Exploration Of The Door To Needle Time Gap Of Administering Anti- Venom Serum (AVS) And Its Determinants: A Mixed-Method Study
View/ Open
Date
2020Author
Ritigahapola, RAM
Wijesingha, NSD
Jayalath, JPMH
Karunarathna, HPM
Madanayaka, ACW
Herath, HMP
Silva, A
Siribaddana, S
Metadata
Show full item recordAbstract
Abstract:-A mix method study was conducted
at the Teaching hospital, Anuradhapura (THA)
to describe the demographic characteristics of
snake bites, determine the median time gap of
administering anti-venom, identify reasons
for delaying administration of anti-venom
serum and propose measures to be adopted in
order to shorten the door to needle time gap.
Ethical approval was obtained by ethical
committee, Faculty of Medicine, KDU. The
descriptive cross-sectional part was based on
snake bite victims elder than 16 years(n=50)

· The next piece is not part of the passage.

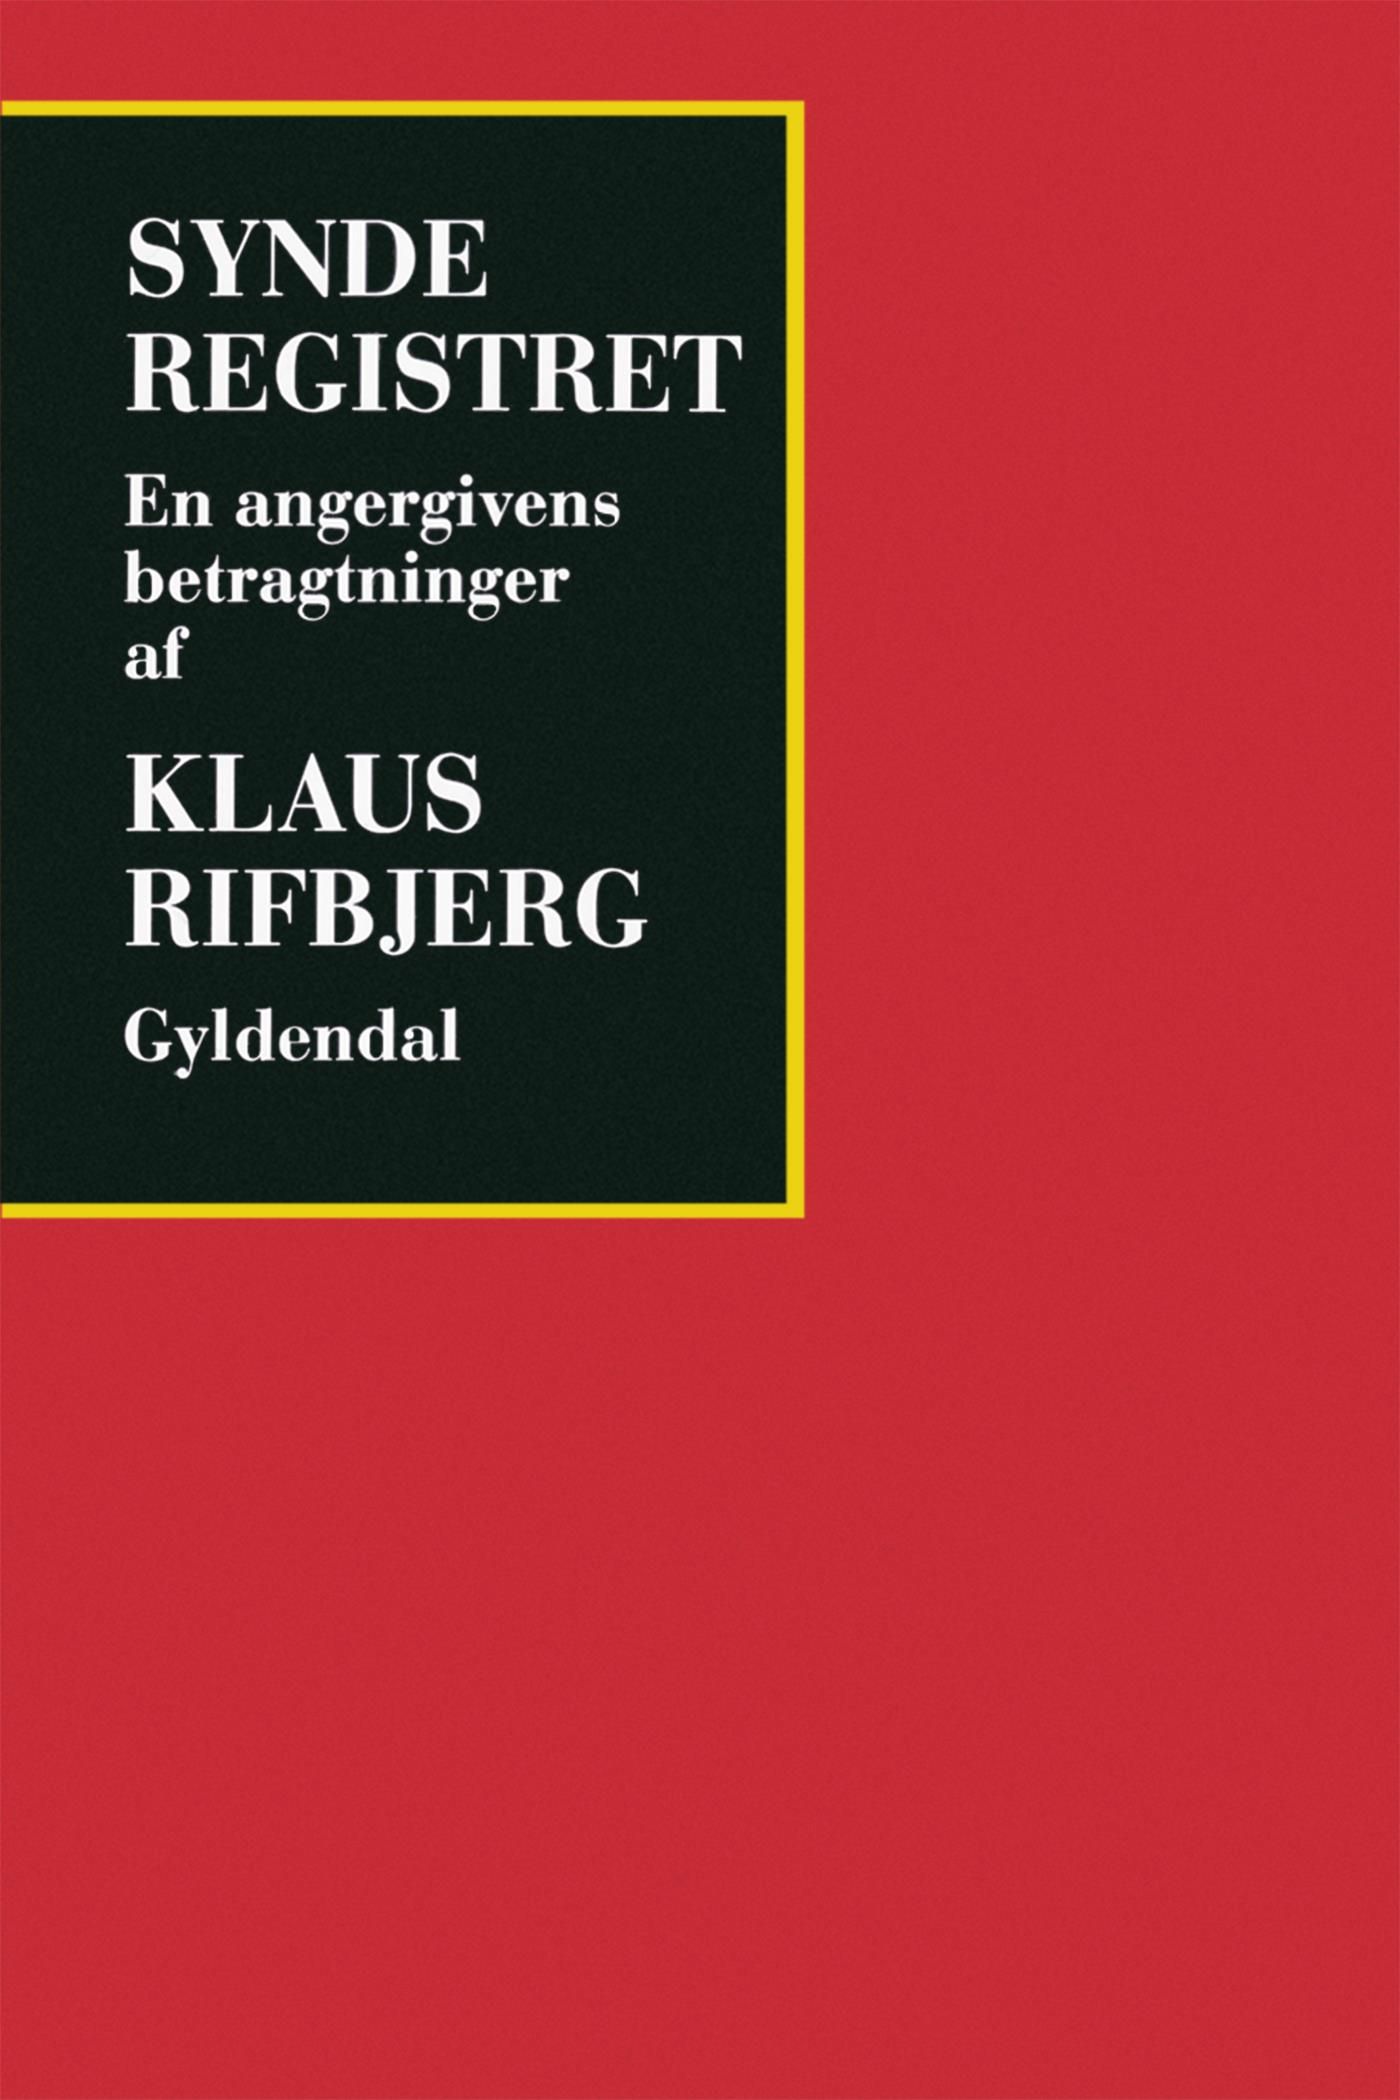 Synderegistret, eBook by Klaus Rifbjerg

who were admitted to the THA and received
AVS (Anti-venom serum) therapy over a 3 ½
months period from 15th July 2019 and 50
victims were sample size for quantitative
study. The data was collected through an
interviewer administrated questionnaire
.Participants were purposively recruited for
the qualitative study and in-depth interviews
were conducted with health care
professionals in THA and peripheral hospitals.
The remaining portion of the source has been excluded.